SAT, 14 MAY, 2022-theGBJournal | Nigeria’s FX reserves dipped by $234.81 million w/w to USD39.07 billion (11 May 2022).
Across the FX windows, the naira depreciated by 0.5% and 1.7% to NGN419.00/USD and NGN599.00/USD, at the I&E window and parallel market, respectively. At the IEW, total turnover (as of 12 May 2022) increased by 60.2% WTD to USD575.81 million, with trades consummated within the NGN410.84 – NGN453.25/USD band.
In the Forwards market, the naira was flat at the 1-month (NGN418.27/USD) and 3-months (NGN424.04/USD) contracts, but depreciated at the 6-months (-0.4% to NGN434.65/USD) and 1-year (-0.6% to NGN452.03USD) contracts.
In our view, the CBN has enough supply to support the FX market over the short term, given inflows from the recently issued Eurobond and the IMF’s SDR. However, foreign inflows are paramount for sustained FX liquidity over the medium term, given our expectation that accretion to the reserves will be undermined by the nation’s low crude oil production levels.

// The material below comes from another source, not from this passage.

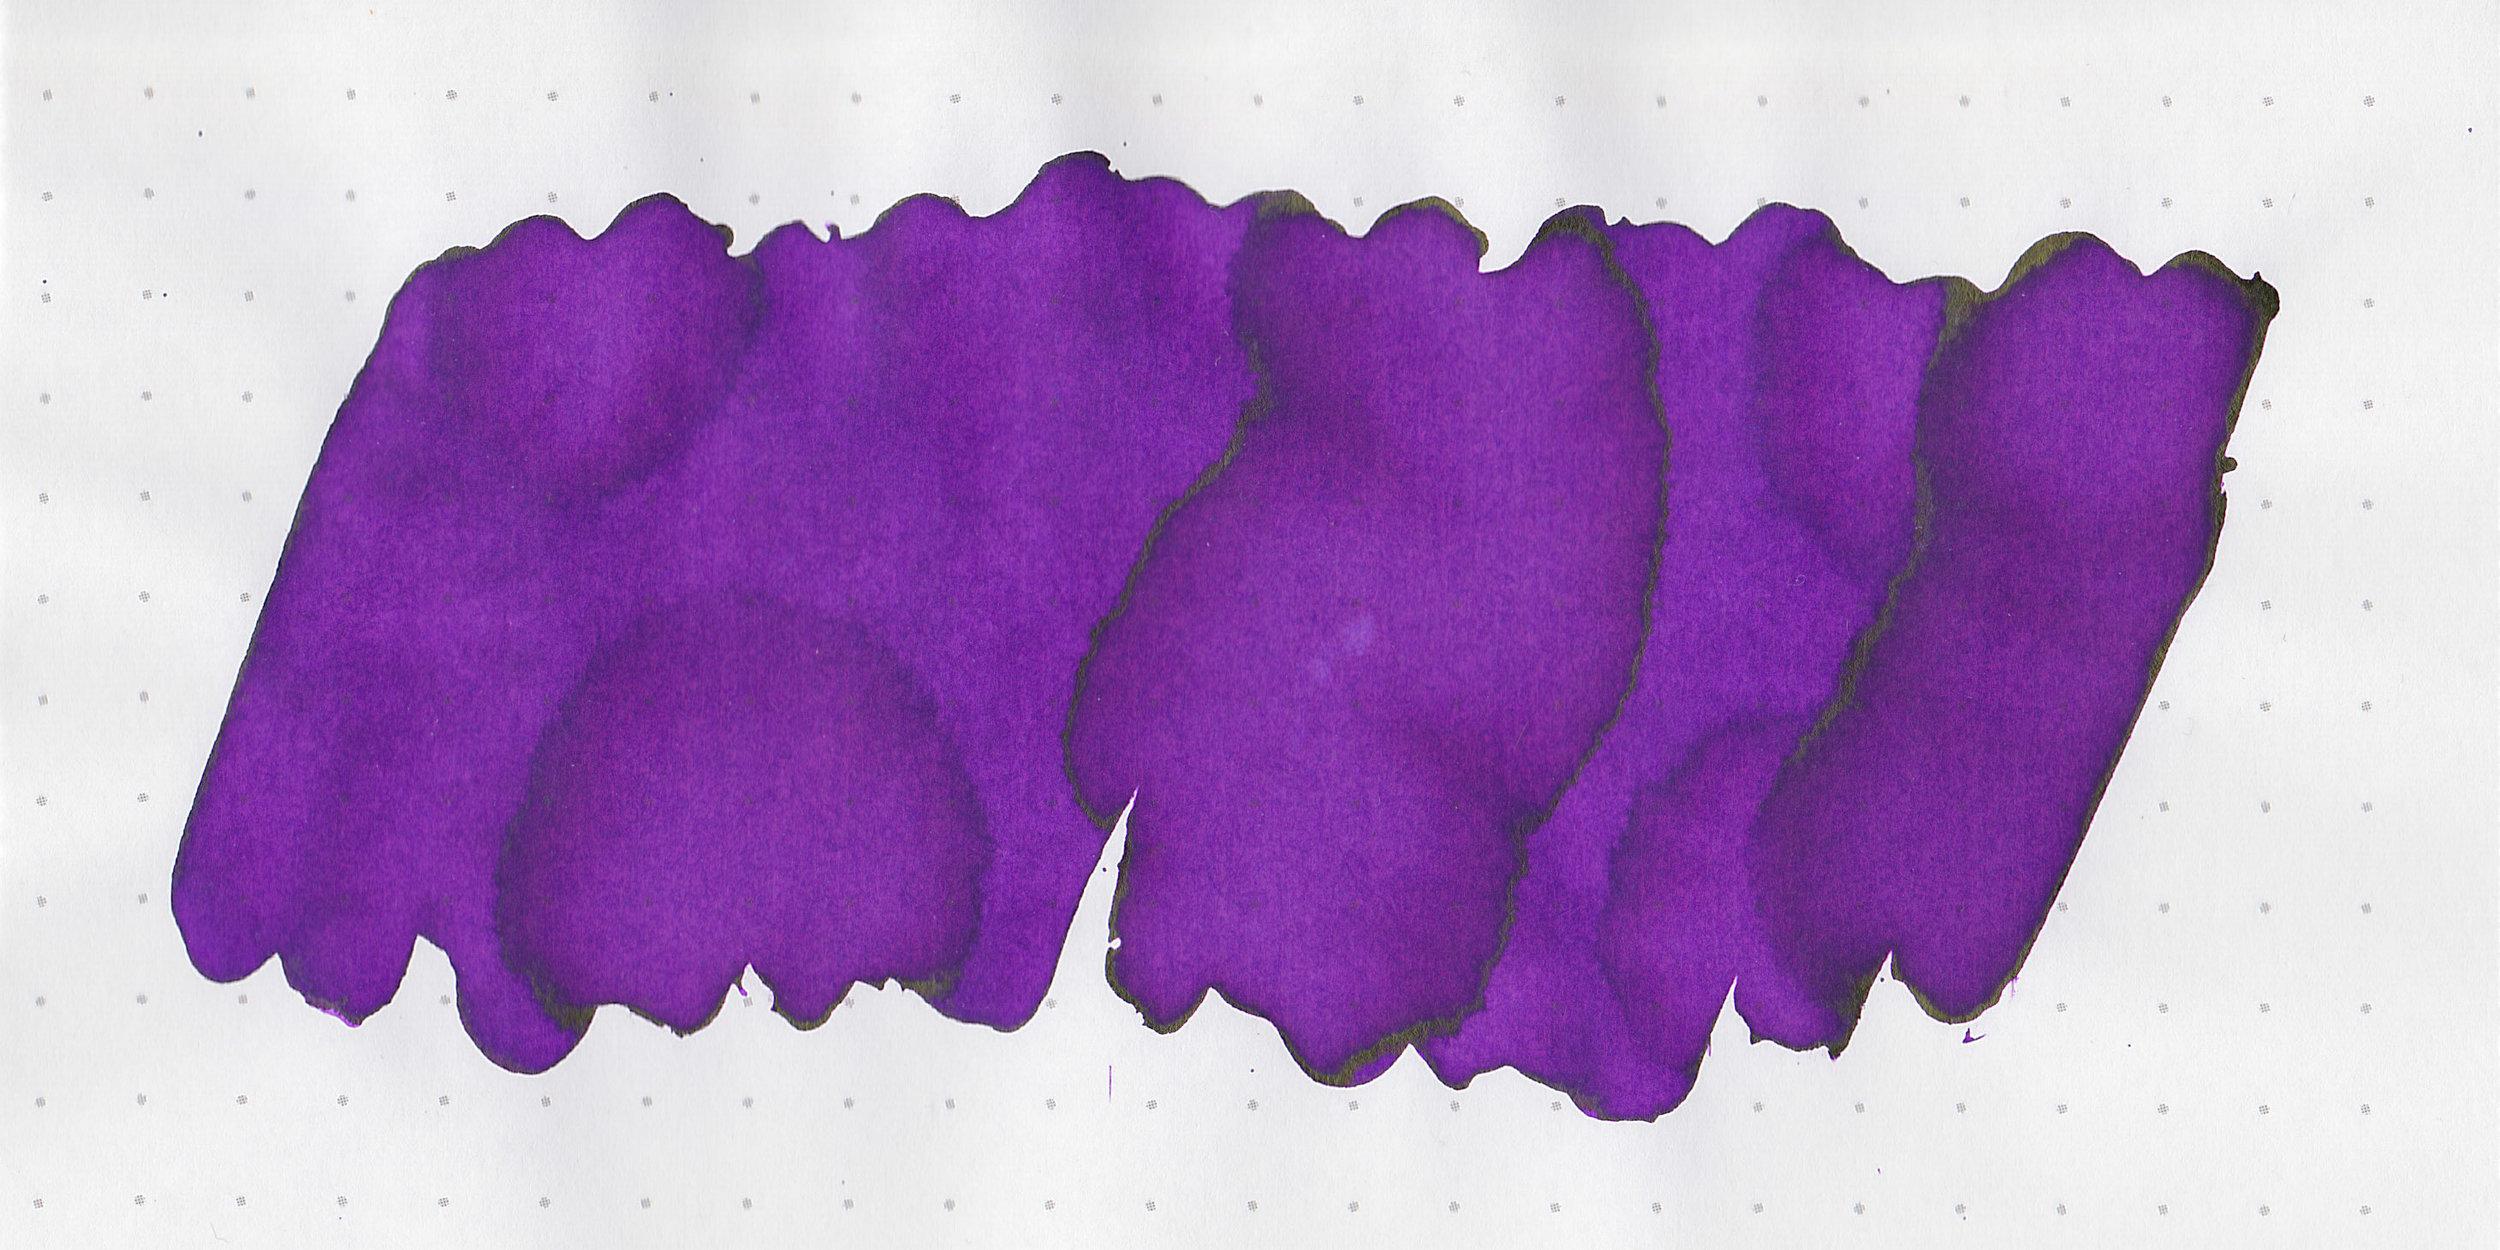 tac-murasaki-purple-5.jpg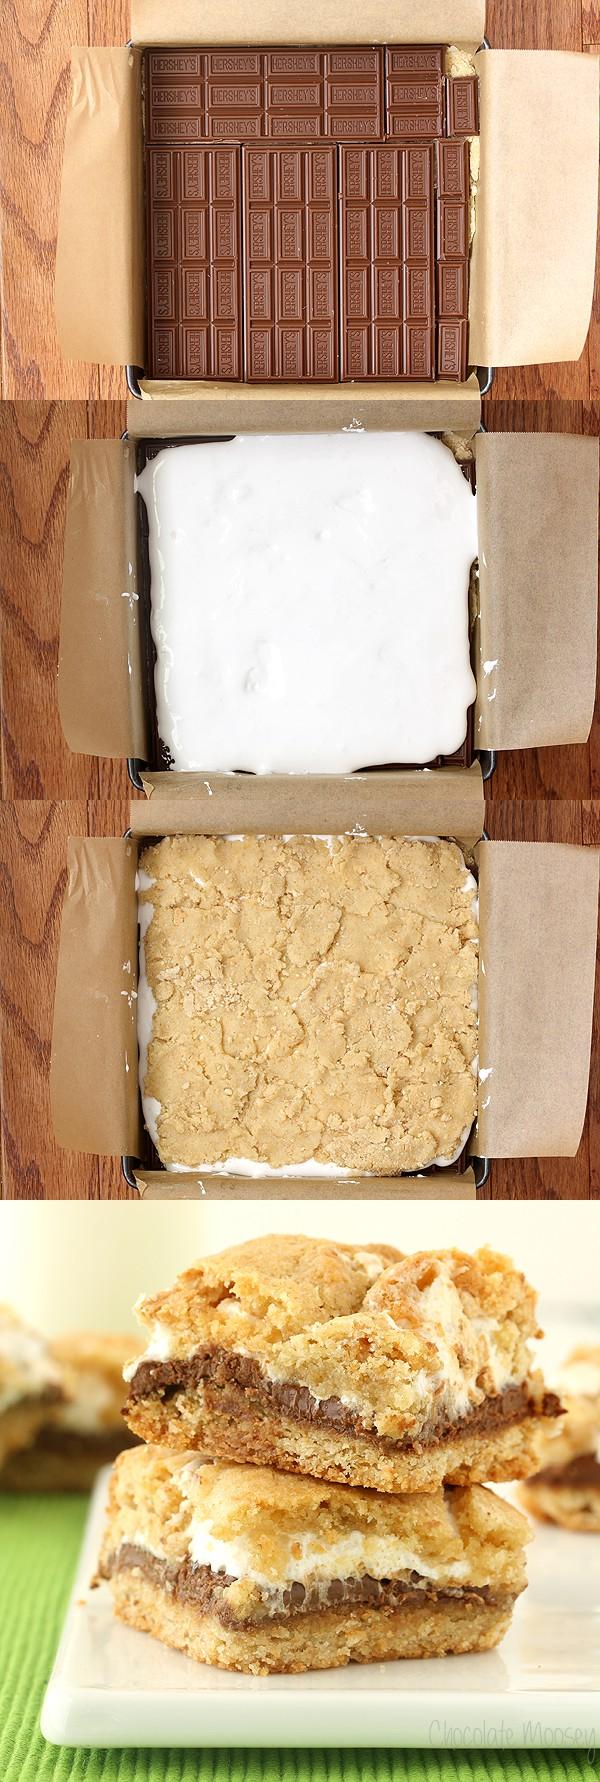 Assembling S'mores Cookie Crumb Bars

Thus, FPIs which have historically supported supply levels in the IEW (53.8% of FX inflows to the IEW in 2019FY) will be needed to sustain FX liquidity levels. Hence, we think further adjustments in the NGN/USD peg closer to its fair value and flexibility in the exchange rate would be significant in attracting foreign inflows back to the market.